Conformation and stability of the C-terminal domain of initiation factor IF2 from Bacillus stearothermophilus were analyzed by circular dichroism, fluorescence and Raman spectroscopy, and microcalorimetry under different solvent conditions. From circular dichroism and Raman measurements, IF2C at neutral pH can be classified as an α + β protein. Solvent perturbation and Raman spectroscopy indicate a high accessibility of the tyrosine residues in the native protein. The Gdn/HCl-induced unfolding of IF2C was monitored by circular dichroism. IF2C unfolding at neutral pH proceeds in two discrete steps. The midpoints (c_m) and the free energy of unfolding (ΔG_u^H₂O) of the first and second transition are 2.05 M and 6.2 kcal·mol^-1 and 4.1 M and 12.9 kcal·mol^-1, respectively. ANS does not bind to the stable intermediate formed at 3 M Gdn/HCl. It seems likely that IF2C is composed of two subdomains which unfold in a stepwise process. Melting experiments at pH 7.0 are impaired by irreversible aggregation at higher temperatures.

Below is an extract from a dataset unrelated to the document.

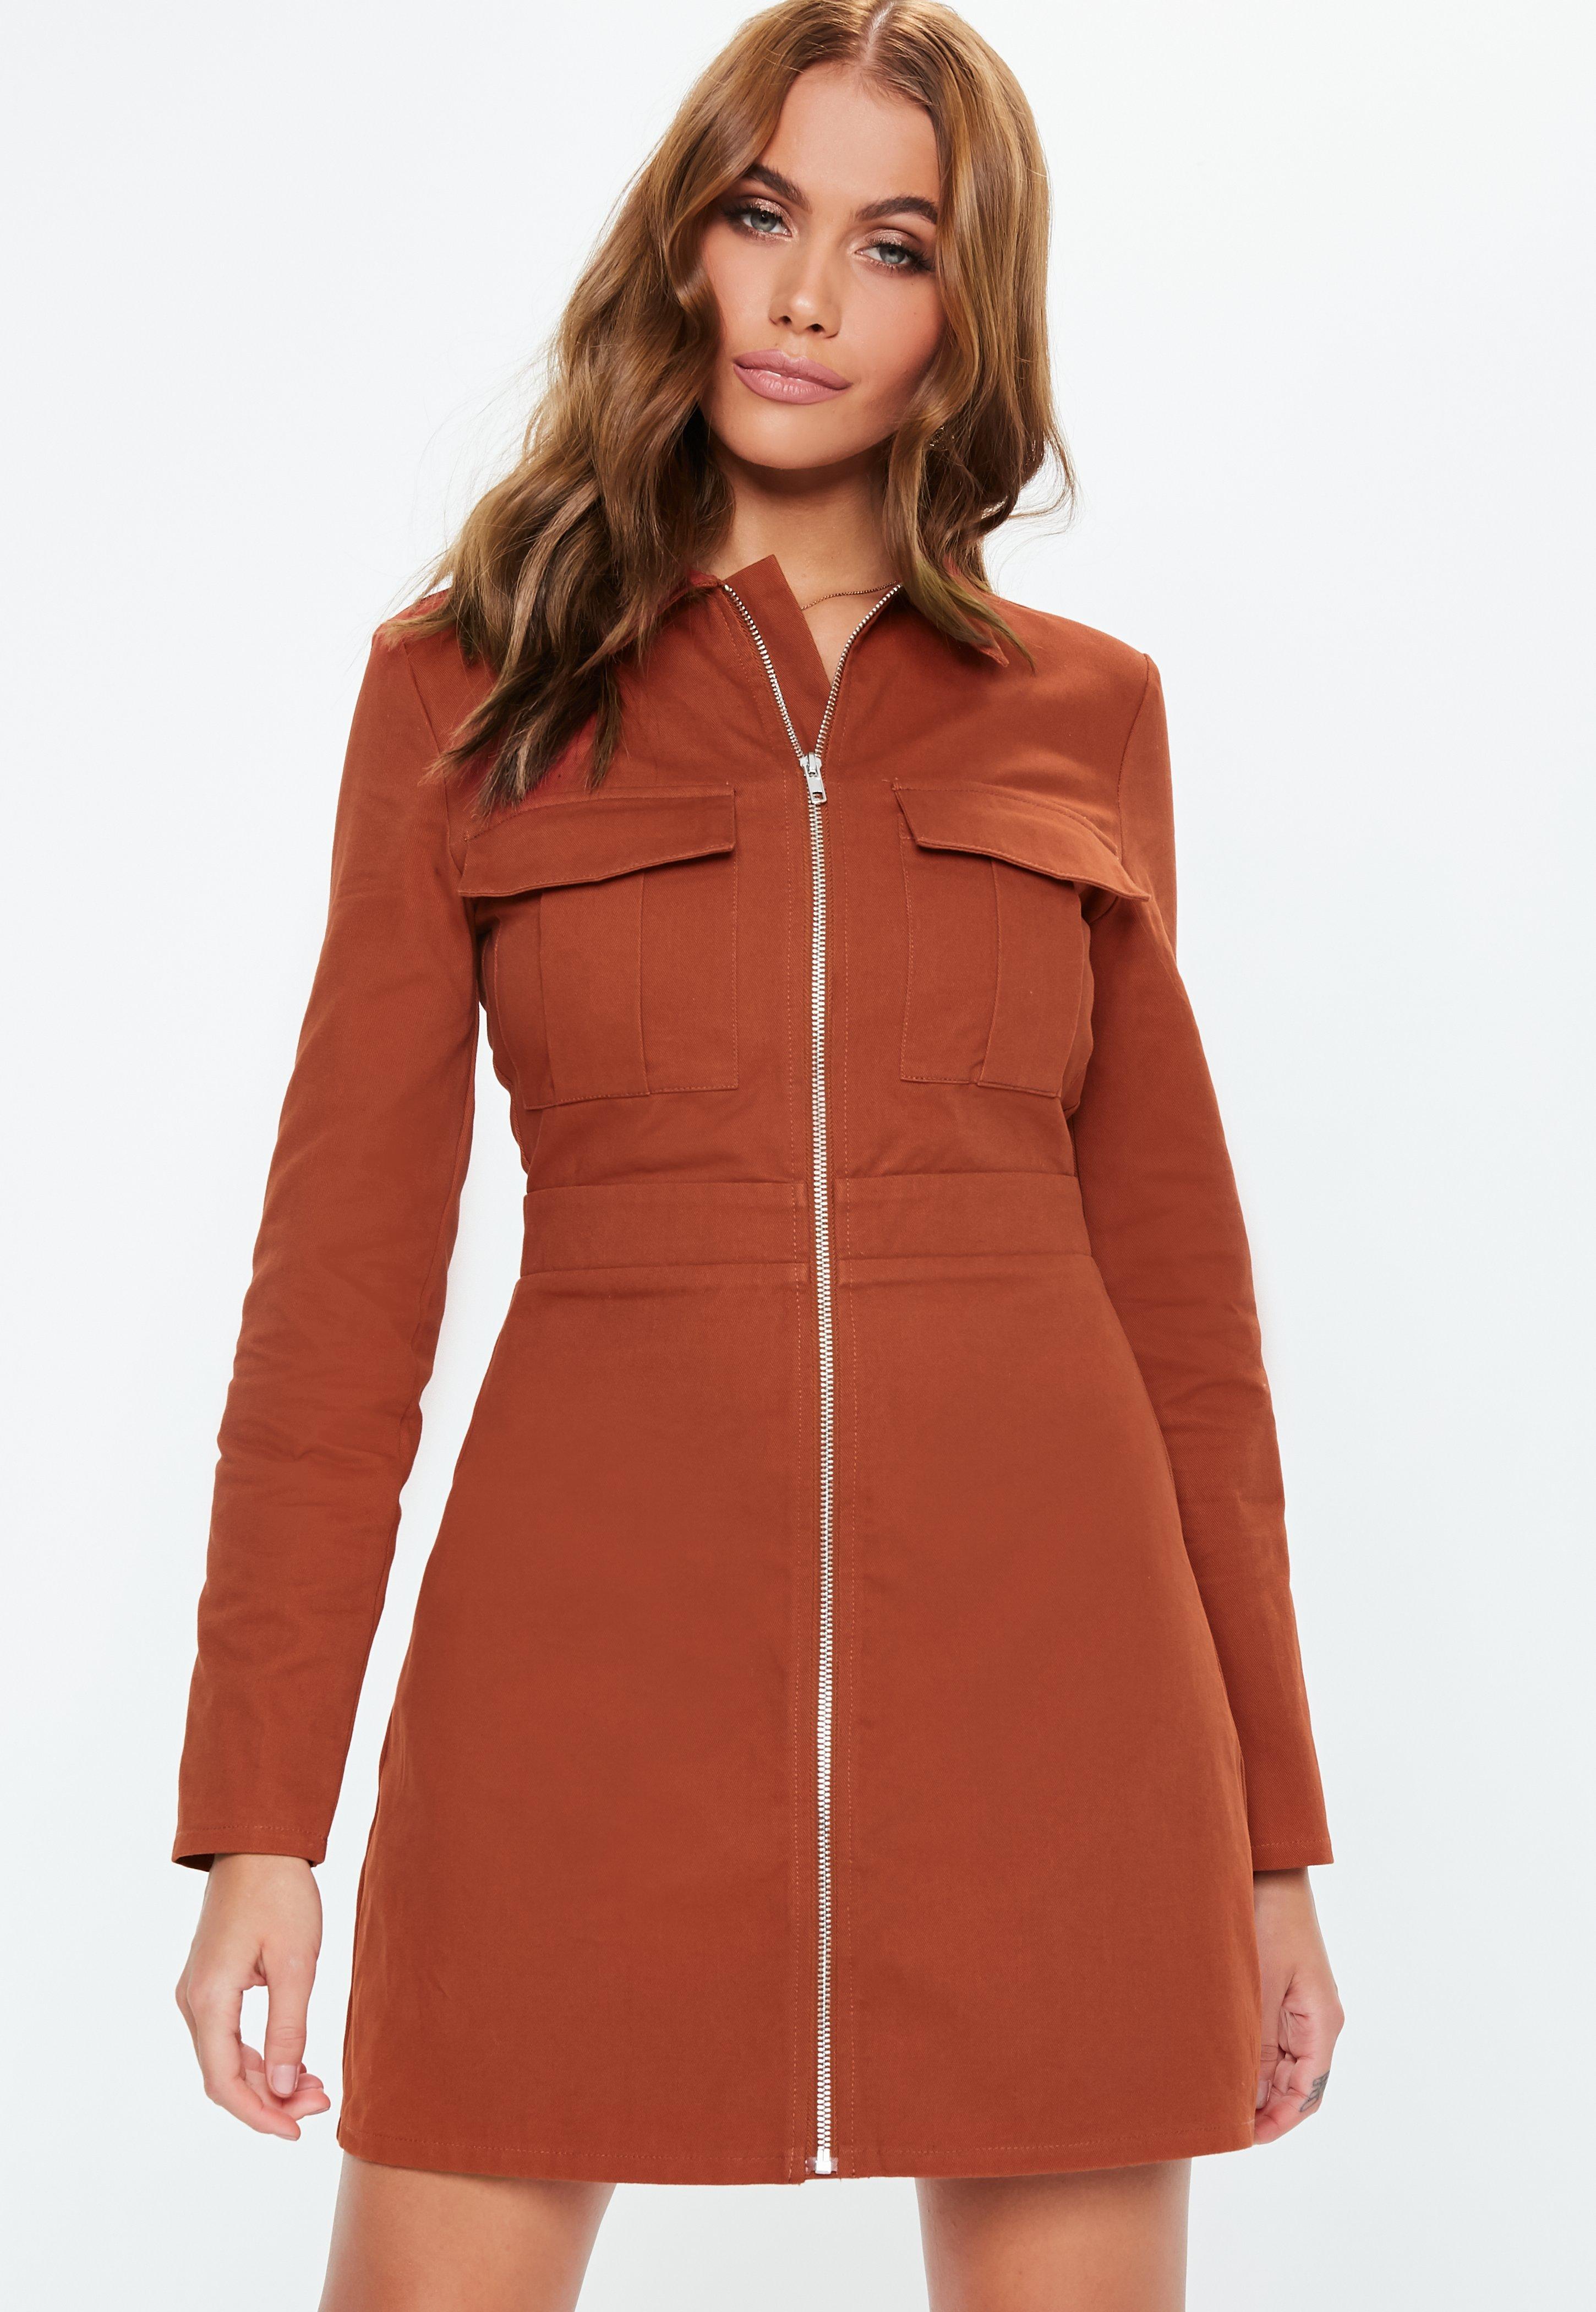 fbe3b2af0686 Rust Zip Through Skater Shirt Dress

However, in Gdn/HCl containing buffer at denaturant concentrations up to 1.5 M the melting becomes a reversible process and can be analyzed by differential scanning calorimetry. At Gdn/HCl concentrations between 1.0 and 1.5 M, IF2C seems to be composed of two folding units with T_m values of about 60 and 78 °C and folding enthalpy values (ΔH_m) of about 37 and 58 kcal·mol^-1. At pH values below pH 3.0, IF2C can adopt a new acid-induced conformation, which is characterized by a high secondary structure content and a strong ANS binding. The Gdn/HCl-induced unfolding of IF2C at pH 2.6 takes place only in one discrete step with a midpoint c_m of 3.3 M and a ΔG_AUa^H₂O of 11.9 kcal·mol^-1.